The social fabric suffers when a large part of the population grows under a system of values which holds a notion that they are equally entitled to what others obtain by their own efforts. New generations growing under that system remain straggling in dependence, partly due to cycles of bad nutrition, poor education and self-expectations.

That system provokes a general sense of social insecurity, violent crimes, lack of civism, lack of care for public property and public spaces, trash everywhere, brain drain and flight of talents, employment and government inefficiency based on jobs distributed according to politics and not merit, lassitude and indolence.

Recently, while the national historical archives were closed for lack of maintenance in the air conditioning system, the greatest debate on the radio waves was the “debacle” of not having won “Miss Puerto Rico”. Notable exceptions to the carelessness of the cultural patrimony by the government are those efforts by private citizens such as The Conservation Trust of Puerto Rico, and the historical reenactment group the Fixed Regiment of Puerto Rico.

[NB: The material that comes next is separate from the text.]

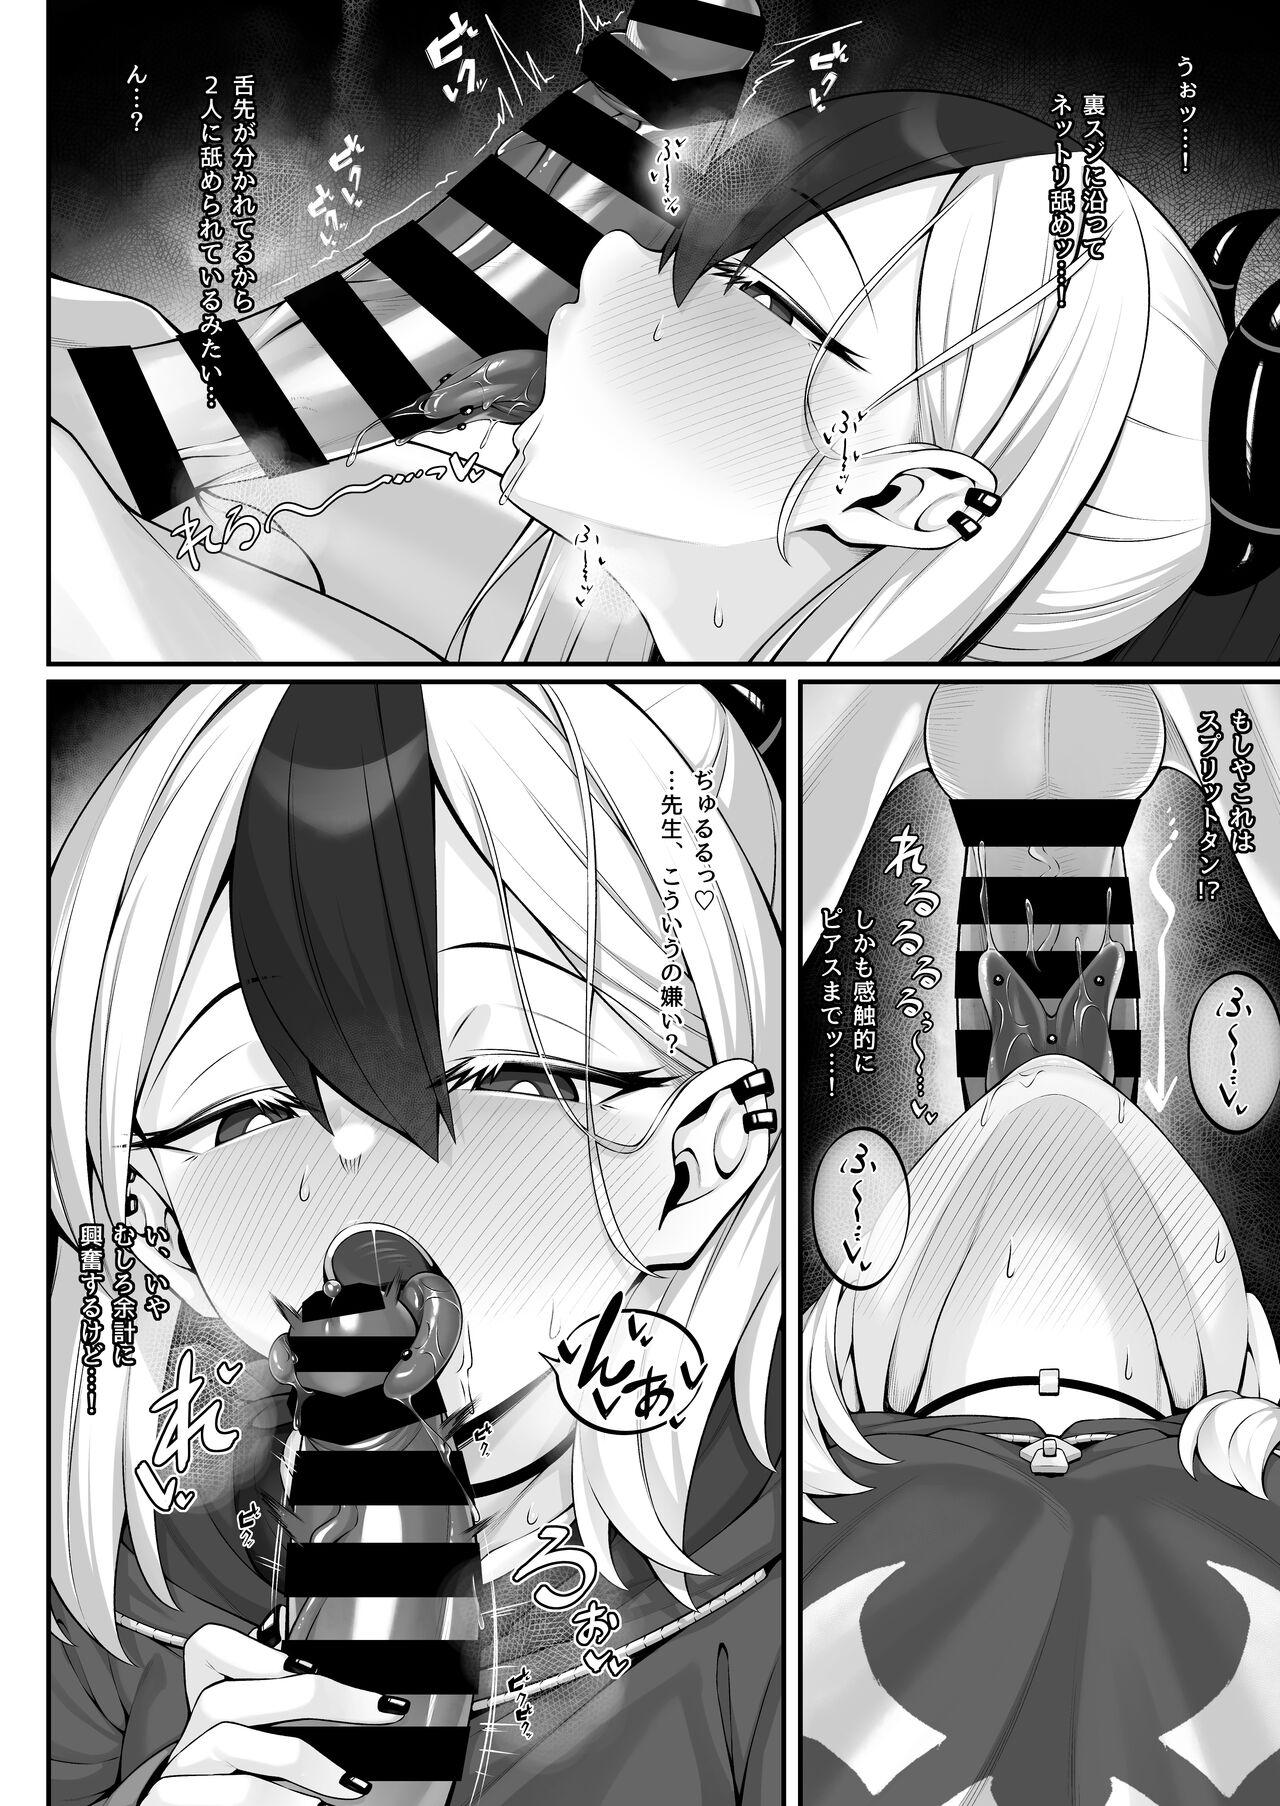 Pov Sex Sputum Shita-pi Kayoko ni Fella de Nuite Morau dake no Tanpen Manga - Blue archive Butts - Page 3

What is the future? In recent visits to Puerto Rico candidates Clinton and Obama offered Puerto Ricans more entitlements and the local politicians, who have become the dominant class administering that system, rejoice. What about the government? In bankruptcy.

The people of Puerto Rico are strong, hardworking, resistant, diverse, its graduates and professionals and their talents are highly valued. Its lineage has synthesized the best of three races and four cultures. But whoever wants to see what a welfare state does to a people must study “Puerto Rico Welfare USA, and its new extended family.